## Problem details
In the records below, find each line holding the word "Documents" and copy it.

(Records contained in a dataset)

- - -

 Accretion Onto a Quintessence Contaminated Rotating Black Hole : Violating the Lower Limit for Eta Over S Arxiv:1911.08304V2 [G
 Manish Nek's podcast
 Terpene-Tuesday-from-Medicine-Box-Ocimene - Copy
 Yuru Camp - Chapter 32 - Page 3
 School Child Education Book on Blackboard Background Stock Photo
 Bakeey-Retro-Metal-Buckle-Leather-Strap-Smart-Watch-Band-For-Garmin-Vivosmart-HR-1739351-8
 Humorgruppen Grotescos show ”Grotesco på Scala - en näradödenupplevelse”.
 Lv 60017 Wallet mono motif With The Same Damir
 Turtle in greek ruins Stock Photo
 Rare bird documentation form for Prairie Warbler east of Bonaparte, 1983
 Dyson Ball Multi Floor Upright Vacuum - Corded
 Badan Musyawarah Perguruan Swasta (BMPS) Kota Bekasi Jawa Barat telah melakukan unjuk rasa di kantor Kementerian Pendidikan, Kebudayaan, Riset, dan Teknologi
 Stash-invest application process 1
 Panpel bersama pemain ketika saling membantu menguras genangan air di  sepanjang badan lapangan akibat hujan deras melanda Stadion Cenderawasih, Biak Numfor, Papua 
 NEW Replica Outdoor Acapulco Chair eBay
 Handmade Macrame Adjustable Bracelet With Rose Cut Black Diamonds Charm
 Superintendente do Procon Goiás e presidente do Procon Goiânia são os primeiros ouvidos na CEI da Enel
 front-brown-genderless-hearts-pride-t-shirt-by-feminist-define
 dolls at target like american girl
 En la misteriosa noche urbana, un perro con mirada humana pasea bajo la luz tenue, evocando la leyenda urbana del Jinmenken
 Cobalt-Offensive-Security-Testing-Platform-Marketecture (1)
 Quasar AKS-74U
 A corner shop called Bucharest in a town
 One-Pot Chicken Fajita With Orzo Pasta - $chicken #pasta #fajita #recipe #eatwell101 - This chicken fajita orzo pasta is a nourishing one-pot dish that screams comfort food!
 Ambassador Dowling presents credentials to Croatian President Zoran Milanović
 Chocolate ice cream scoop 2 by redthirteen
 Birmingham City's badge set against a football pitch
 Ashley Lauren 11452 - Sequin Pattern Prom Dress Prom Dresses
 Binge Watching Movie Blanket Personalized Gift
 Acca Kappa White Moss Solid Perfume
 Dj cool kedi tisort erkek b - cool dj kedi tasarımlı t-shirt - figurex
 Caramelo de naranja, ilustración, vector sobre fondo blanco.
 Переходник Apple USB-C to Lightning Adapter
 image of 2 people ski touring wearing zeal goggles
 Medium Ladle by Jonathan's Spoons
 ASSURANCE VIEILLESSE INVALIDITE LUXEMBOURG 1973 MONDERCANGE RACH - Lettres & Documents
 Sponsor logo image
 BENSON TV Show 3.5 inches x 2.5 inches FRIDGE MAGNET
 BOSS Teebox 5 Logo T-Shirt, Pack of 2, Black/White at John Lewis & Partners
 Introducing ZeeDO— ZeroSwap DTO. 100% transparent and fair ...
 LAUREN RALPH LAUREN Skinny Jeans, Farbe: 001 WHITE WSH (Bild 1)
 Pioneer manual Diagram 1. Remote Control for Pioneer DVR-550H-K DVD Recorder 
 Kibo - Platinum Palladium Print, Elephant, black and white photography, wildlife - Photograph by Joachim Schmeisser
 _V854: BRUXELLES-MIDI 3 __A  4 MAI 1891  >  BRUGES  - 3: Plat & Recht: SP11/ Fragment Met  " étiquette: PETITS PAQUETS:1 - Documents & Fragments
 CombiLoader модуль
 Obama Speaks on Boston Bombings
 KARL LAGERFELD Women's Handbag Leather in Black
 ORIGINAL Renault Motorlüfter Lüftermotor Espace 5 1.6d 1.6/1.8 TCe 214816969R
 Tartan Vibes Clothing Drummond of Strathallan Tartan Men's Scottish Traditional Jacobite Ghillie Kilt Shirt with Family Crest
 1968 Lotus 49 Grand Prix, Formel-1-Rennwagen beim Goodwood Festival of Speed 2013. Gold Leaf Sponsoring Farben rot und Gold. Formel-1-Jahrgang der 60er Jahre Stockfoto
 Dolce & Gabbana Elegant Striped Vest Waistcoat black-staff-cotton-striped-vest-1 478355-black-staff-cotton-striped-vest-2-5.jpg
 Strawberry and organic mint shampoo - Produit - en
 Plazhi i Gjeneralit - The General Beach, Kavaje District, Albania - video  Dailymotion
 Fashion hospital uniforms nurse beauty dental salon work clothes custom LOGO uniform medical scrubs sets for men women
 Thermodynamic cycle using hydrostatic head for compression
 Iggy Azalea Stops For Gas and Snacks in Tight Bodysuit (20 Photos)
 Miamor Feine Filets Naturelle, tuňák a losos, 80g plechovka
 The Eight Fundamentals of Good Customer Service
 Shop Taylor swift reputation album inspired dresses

- - -

## Output of the task
 ASSURANCE VIEILLESSE INVALIDITE LUXEMBOURG 1973 MONDERCANGE RACH - Lettres & Documents
 _V854: BRUXELLES-MIDI 3 __A  4 MAI 1891  >  BRUGES  - 3: Plat & Recht: SP11/ Fragment Met  " étiquette: PETITS PAQUETS:1 - Documents & Fragments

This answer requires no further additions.